Candice relegated her breasts to the physical domain and separated her sense of self from her body. This experience is echoed by participants in other studies (e.g., Bredin, 1999; Paterson, Thorne, Crawford, & Tarko, 1999). Paterson et al. (1999) found that diabetic patients reported a new ability to differentiate between the body and the self, and were thus able to reshape their beliefs regarding the body’s relationship to their identity.

The experiences described here directly address the definition of CPTG—a reclaiming of, and renewed connection to, the physical body, resulting in a renewed sense of positive identification with the body and a new sense of corporeal identity (Hefferon, 2012; Hefferon et al., 2009, 2010). Furthermore, the women’s rejuvenated embodied identity also seem intricately linked to their experience of the PTG domain of newfound personal strength.

Newfound Appreciation for the Body

Finally, the participants experienced a newfound appreciation for their bodies and health. The women’s assumptions about continuing health were threatened as they were confronted with the reality of their vulnerability to sickness. They then experienced a change in attitude and began to experience a newfound sense of gratitude for their bodies and health. This manifested in their engaging in new health behaviors and encouraging others to do the same.

“My Body Is Actually Quite Vulnerable”: Shattered Assumptions Around the Body’s Invincibility

The participants all described how their BC diagnosis was totally incongruent with their presumptions of continuing personal health.
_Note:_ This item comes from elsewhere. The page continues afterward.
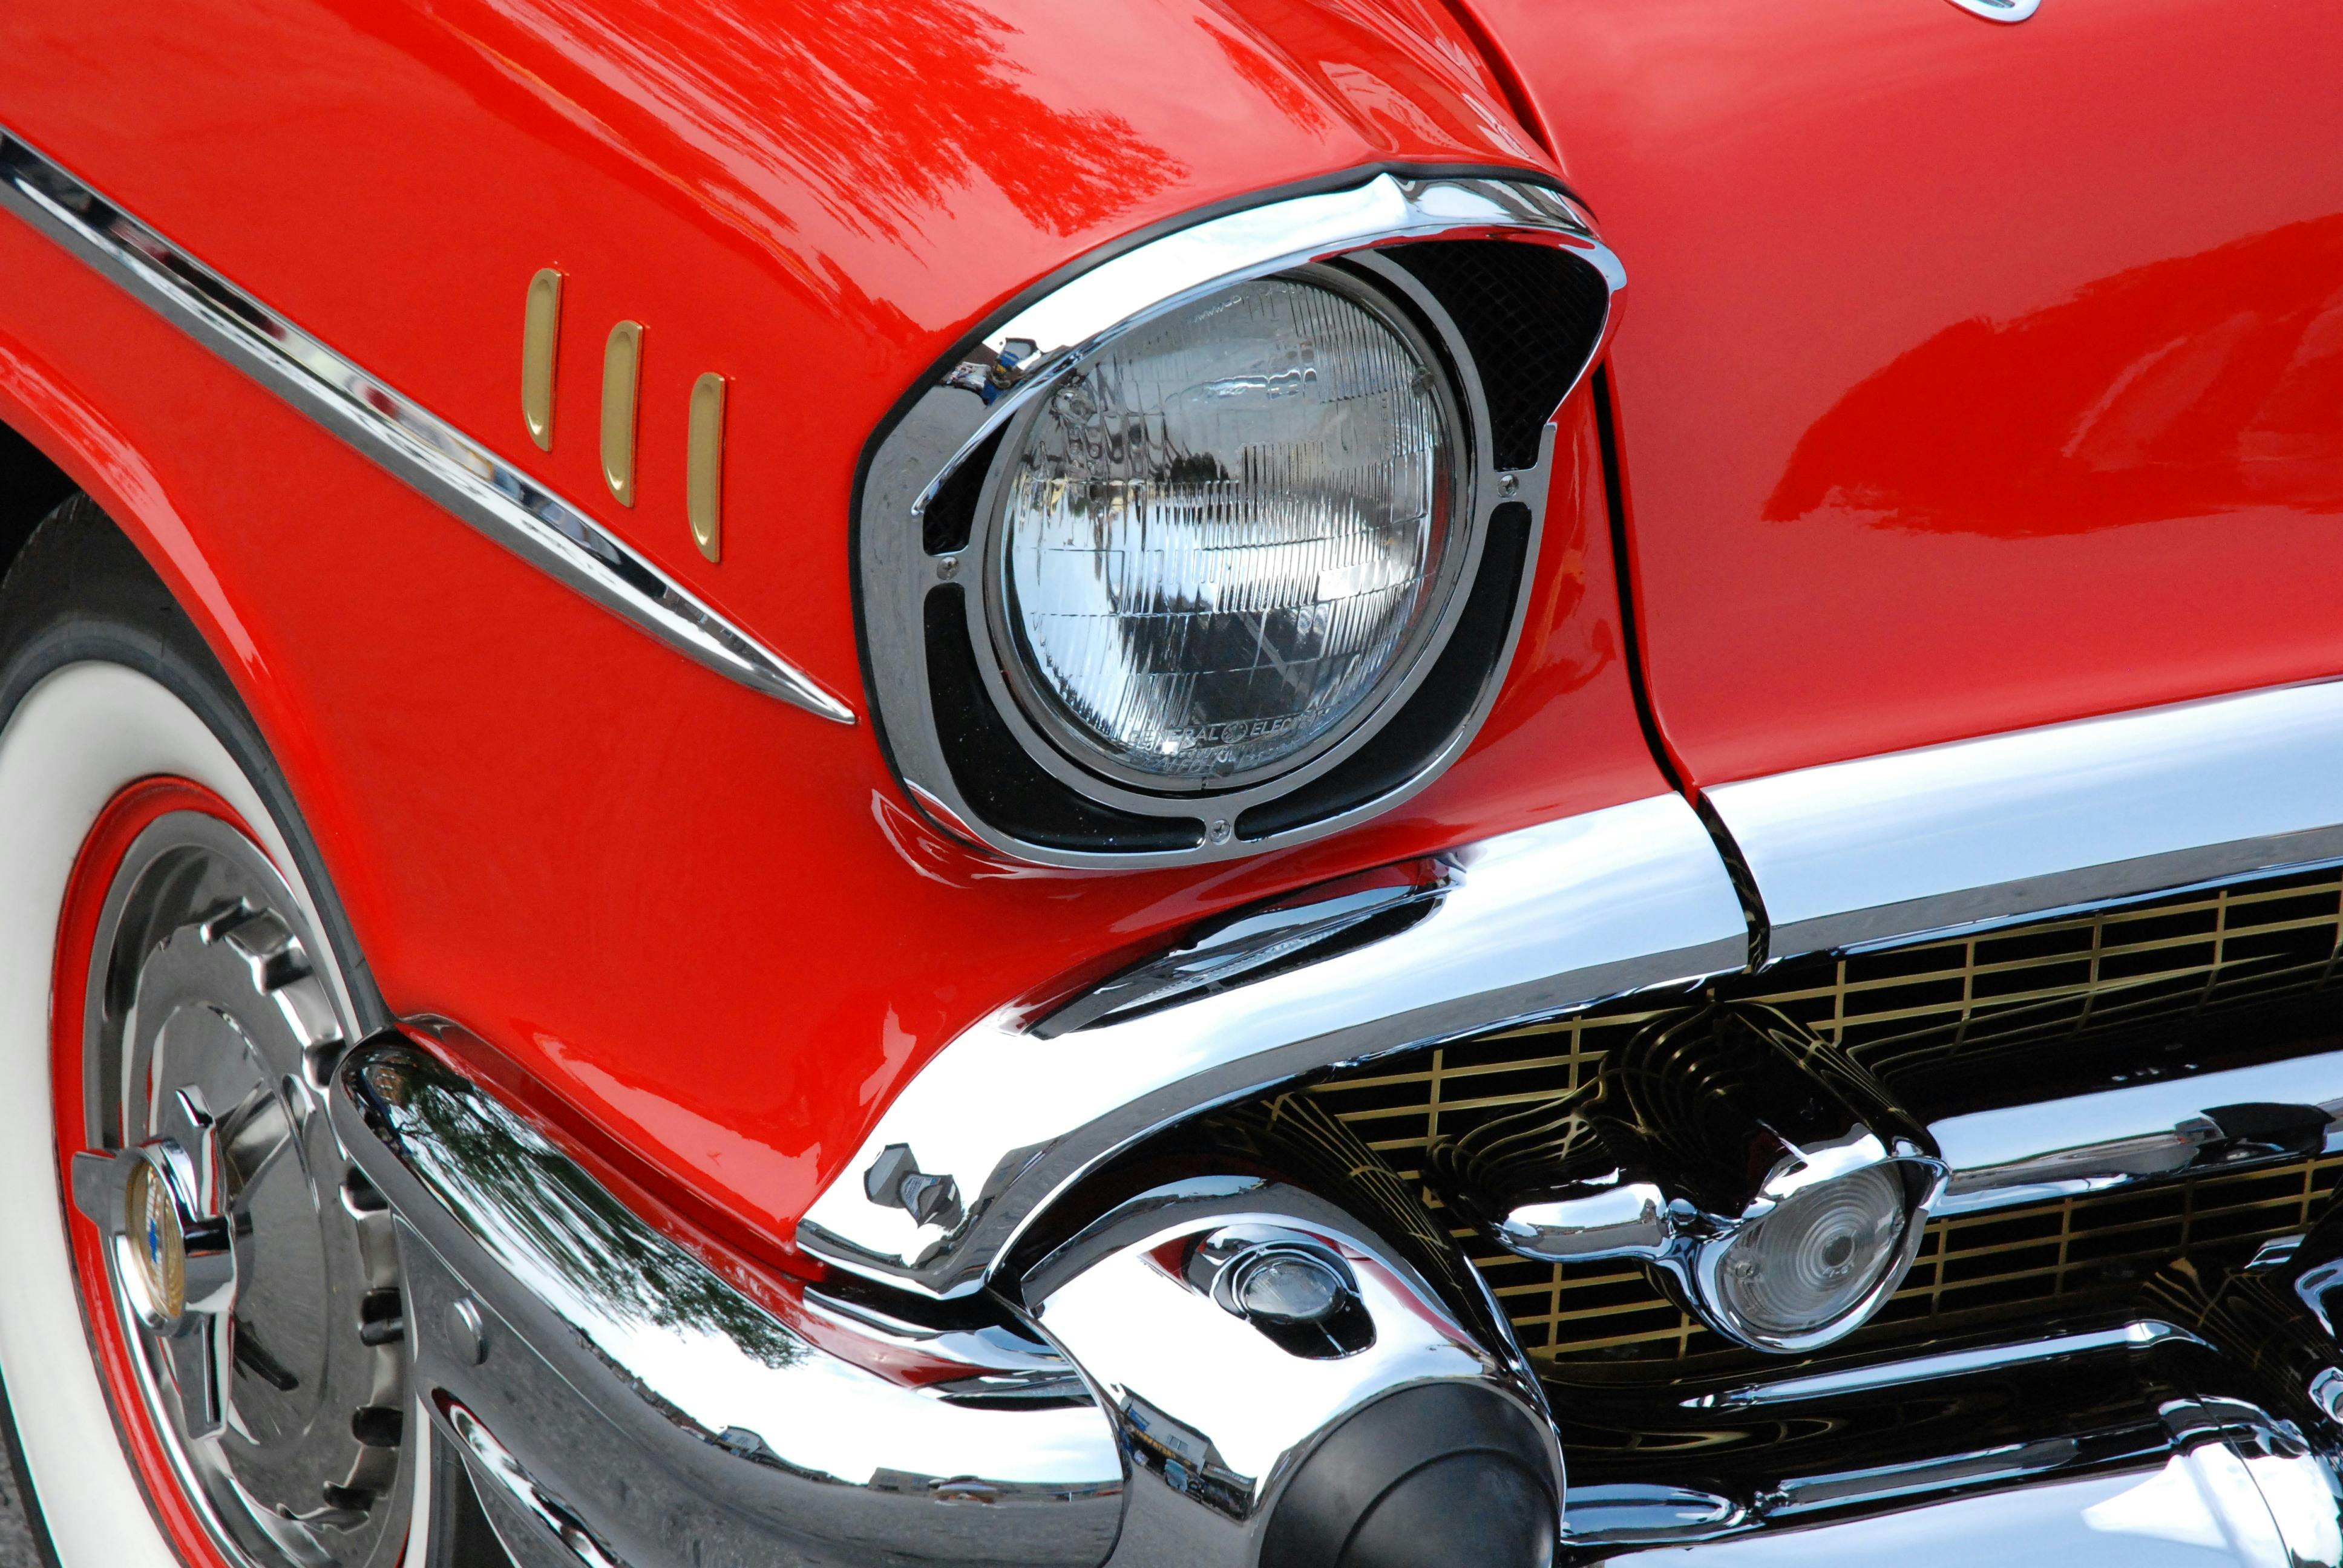 Auto Seitenspiegel Oldtimer - Kostenloses Foto auf Pixabay - Pixabay
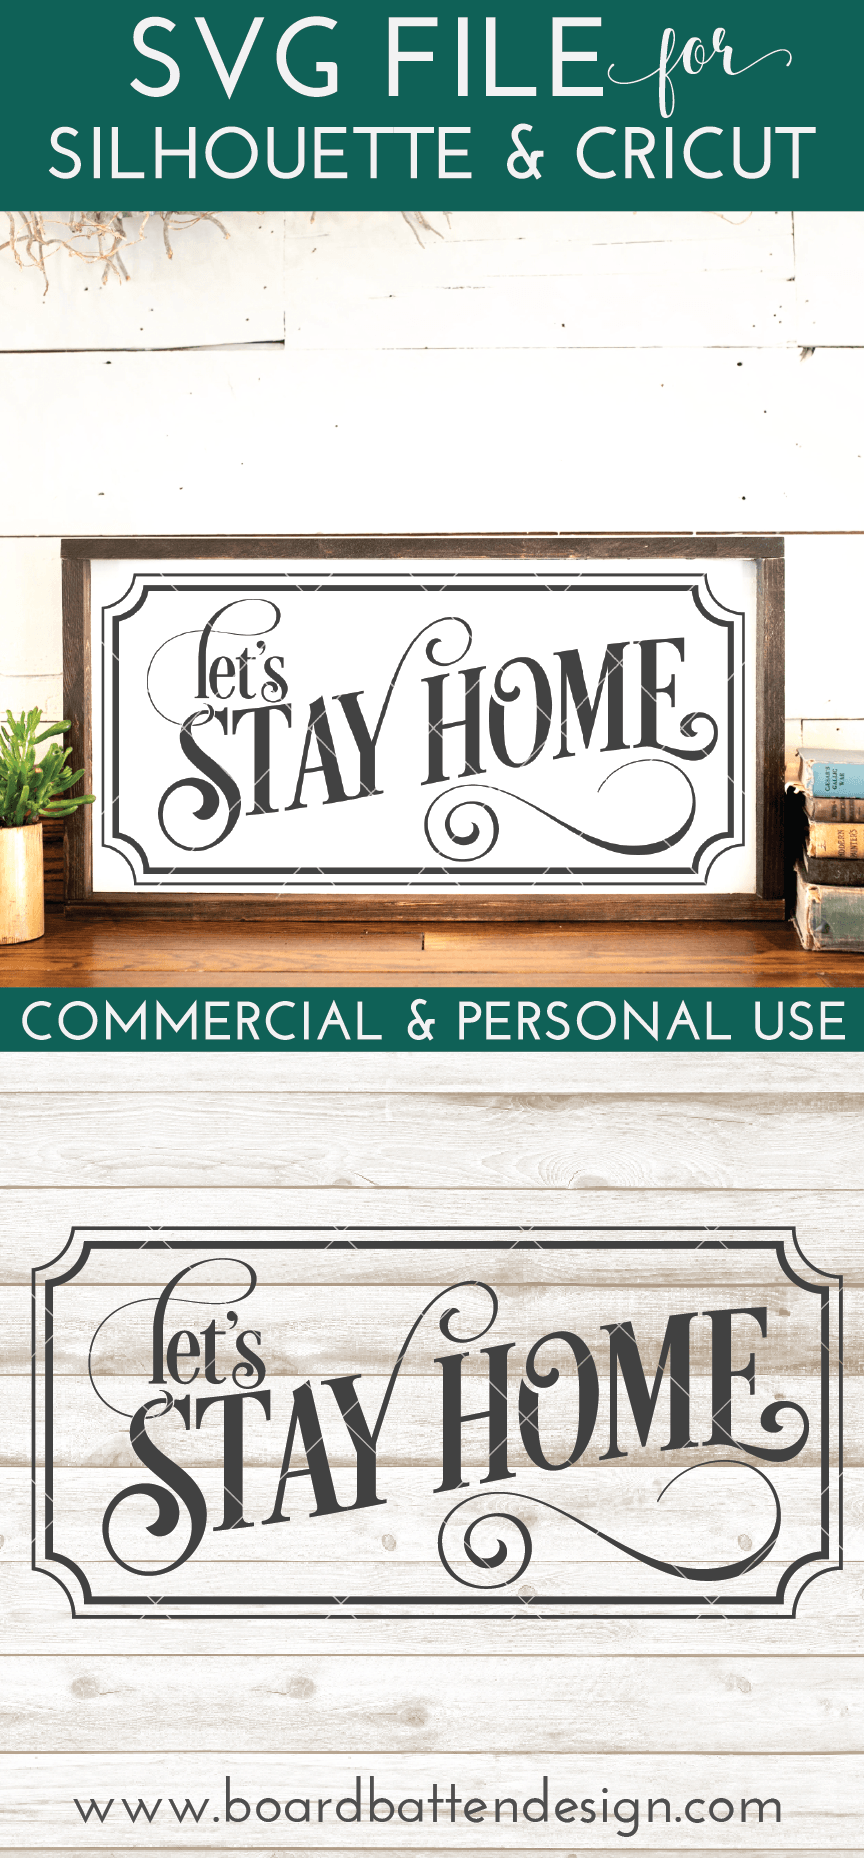 Download Let's Stay Home SVG File - Board & Batten Design Co.

For example, Candice spoke about how unexpected their BC was, and their disbelief that it was happening to her.

It [BC] wasn’t even on my radar. I was completely in denial before. I definitely thought this is not breast cancer . . . [The doctor] said because I was so young and I didn’t have any family history, that it wouldn’t be breast cancer. . . . Because I kind of thought—I cannot believe this is happening to me.

Theresa described a feeling of complete unreality when she was diagnosed.

Ja it’s like this. It almost felt like there was this, you were in this, um, and almost as if you were astral projecting and you can watch the movie unfolding.

BC being completely unexpected has been widely reported in the extant literature (Arman & Rehnsfeldt, 2003; Berterӧ & Wilmoth, 2007; Coward & Kahn, 2005; Eide, 2006; Gibbs & Franks, 2002; Hefferon et al., 2010; Lam & Fielding, 2003; Sabiston et al., 2007). Janoff-Bulman (1992) suggests that people believe in quite universal conceptual systems, such as the likelihood of positive outcomes and good fortune. As such, people normally believe they are invulnerable to things like cancer (Timko & Janoff-Bulman, 1985). The occurrence of a serious illness thus shatters people’s implicit, yet illusory assumptions of continuing health. This also seems linked to the experience of cancer diagnosis as being completely shocking, often resulting in feelings of unreality (Arman & Rehnsfeldt, 2003; Gibbs & Franks, 2002; Lam & Fielding, 2003; Taleghani et al., 2006; Waskul & van der Riet, 2002).

The participants were also confronted with the possibility of death due to BC.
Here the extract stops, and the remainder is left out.